Enjoy the benefits of coordinating the work of data scientists and analysts
Organizations can get more value from their data if data scientists and IT data analysts work together. This includes the sharing of this data. Here are three ways to do this.
Data scientists come from a world of research and hypotheses. They develop queries in the form of big data algorithms which can become quite complex and which may not yield results until after many iterations. Their natural computer counterparts, data analysts, come from a different world of highly structured data work. Data analysts are used to querying data from structured databases and quickly see the results of their queries.
Understandable conflicts arise when scientists and data analysts try to work together, as their working styles and expectations can be very different. These differences in expectations and methodologies may even extend to the data itself. When this happens, the architecture of computer data is called into question.
SEE: 4 Steps to Purge Big Data from Unstructured Data Lakes (TechRepublic)
“There are many historical differences between data scientists and computer data engineers,” said Joel Minnick, vice president of product marketing at Databricks. “The two main differences are that data scientists tend to use files, often containing semi-structured machine-generated data, and often have to respond to changes in data schemas. Data engineers work with structured data with one goal in mind (for example, a data warehouse star schema). “
From an architectural point of view, this means for DBAs that data for data scientists needs to be built into file-oriented data lakes, while data for IT data analysts needs to be sorted into data warehouses that use traditional and often proprietary structured databases.
“Maintaining proprietary data warehouses for the Business Intelligence (BI) workloads that data analysts use and separate data lakes for data science and machine learning workloads has led to a complicated and expensive architecture that slows down the ability to leverage data and confuses data governance. “Minnick said.” Data analytics, data science and machine learning must continue to converge and therefore we believe the days of maintaining data warehouses and data lakes are numbered. . “
This would certainly be good news for DBAs, who would be happy to have to manage only one data pool that all parties can use. In addition, eliminating different data silos and converging them could also go a long way in eliminating work silos between data science and IT groups, thereby promoting better coordination and collaboration.
SEE: Snowflake Data Warehouse Platform: A Quick Reference (Free PDF) (TechRepublic download)
As a single data repository that anyone could use, Minnick offers a “data lake” that combines both data lakes and data warehouses into one data repository.
“The Lake House is a best of both worlds data architecture that builds on the open data lake, where most organizations already store the majority of their data, and adds the transactional support and performance needed to make it happen. ‘traditional analysis without giving up flexibility,’ says Minnick. “As a result, all major data use cases, from streaming analytics to BI, data science and AI, can be accomplished on a unified data platform. “
What steps can organizations take to migrate to this all-in-one data strategy?
1. Foster a collaborative culture between data scientists and data analysts that addresses both people and tools.
While data science and computer data analysis groups have developed independently of each other, organizations may need to develop a team spirit and collaboration between the two.
On the data side, the objective will be to consolidate all the data in a single data repository.
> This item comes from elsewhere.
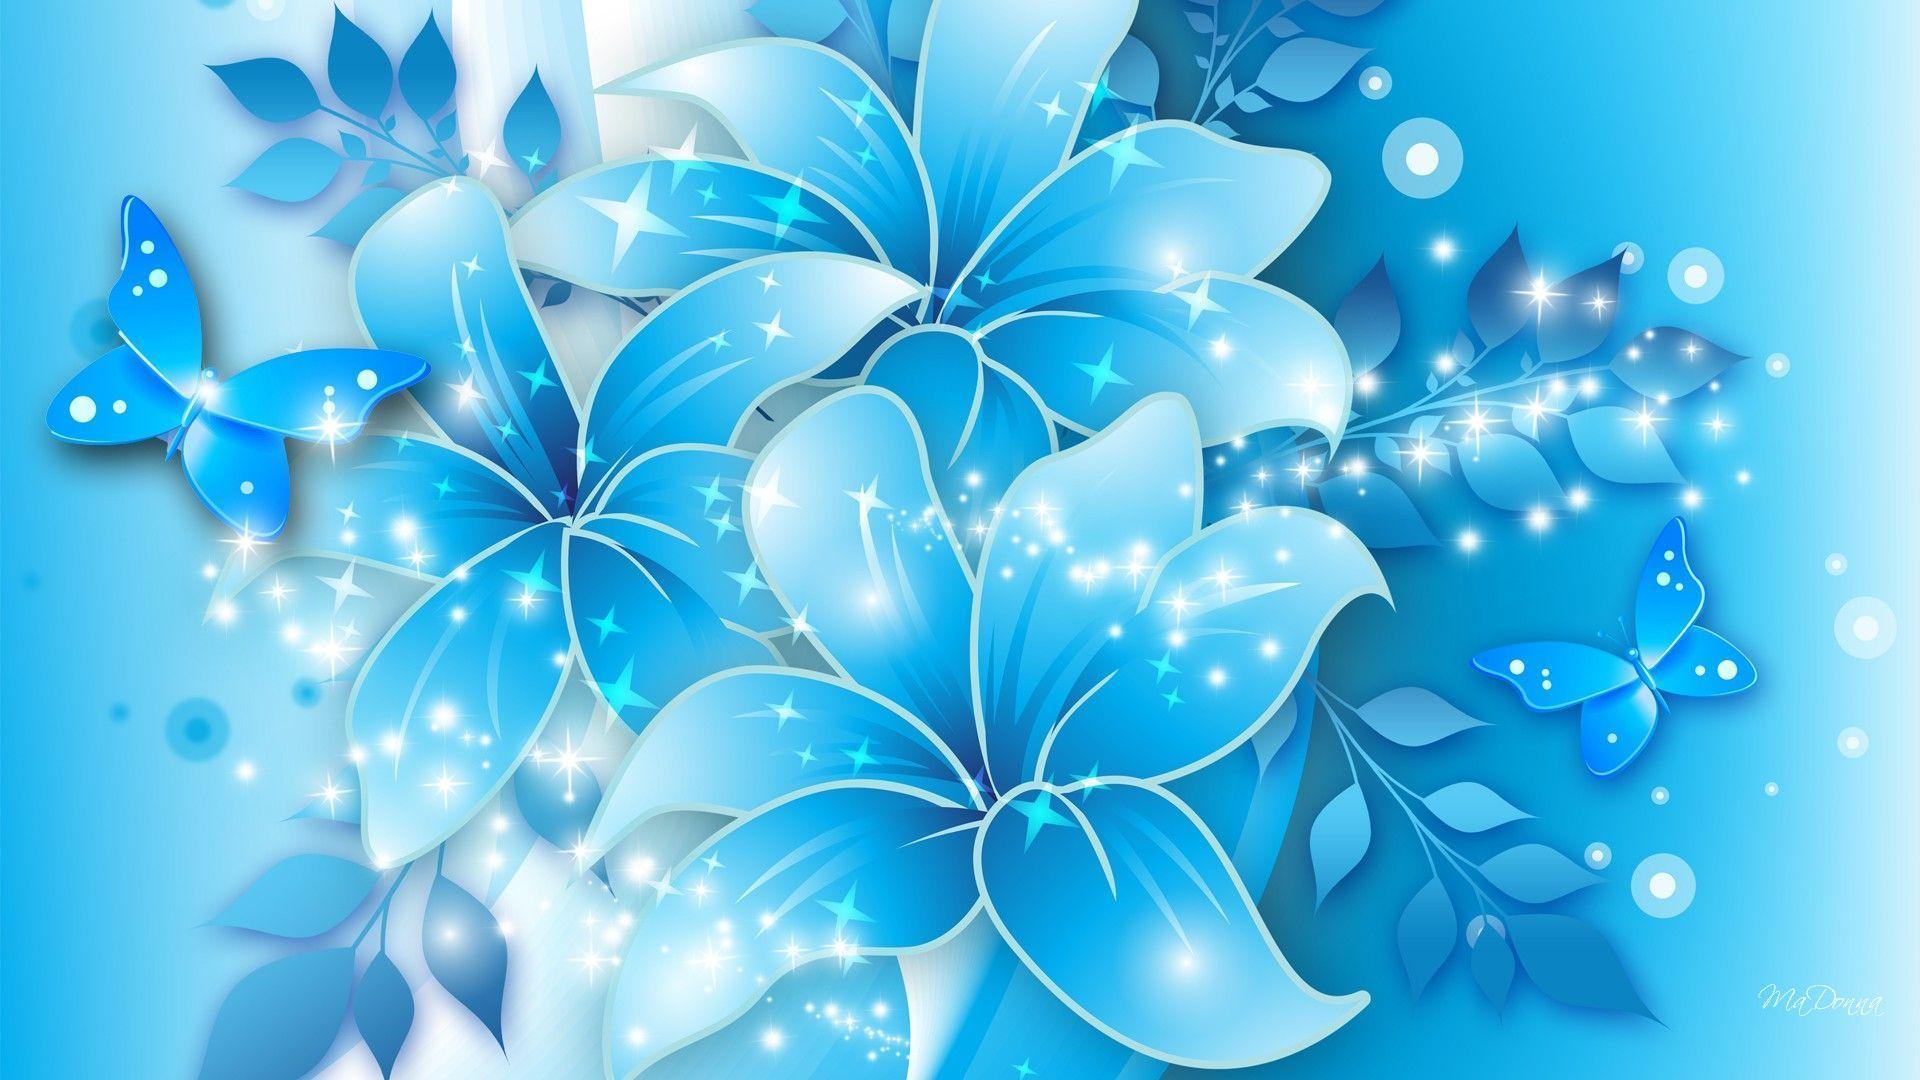 Pretty Blue Flowers S Pretty Flowers S Tumblr

As part of the process, data scientists, IT data analysts, and the DBA will need to partner and collaborate on standardizing data definitions and determining which datasets to combine so that this standard platform can be built.
2. Consider creating an enterprise data center of excellence (CoE)
“Data science is a rapidly evolving discipline with an ever-growing set of frameworks and algorithms to enable everything from statistical analysis and supervised learning to deep learning using networks. neurons, ”Minnick said. “The CoE will act as a force function to ensure communication, the development of best practices and that data teams move towards a common goal.”
From an organizational point of view, Minnick recommends that the CoE be placed under the leadership of a data manager.
3. Link the unification effort of data science and data analysts to the business
A set of shared goals and data can contribute to a stronger and more integrated corporate culture. These synergies can accelerate the achievement of business results, and it’s a win for everyone.
“For organizations to get the most from their data, data teams need to work together rather than data scientists and data engineers each operating in their own silos,” said Minnick. “A unified approach like a data lakehouse is a key factor in enabling better collaboration, as all members of the data team are working on the same data rather than siled copies.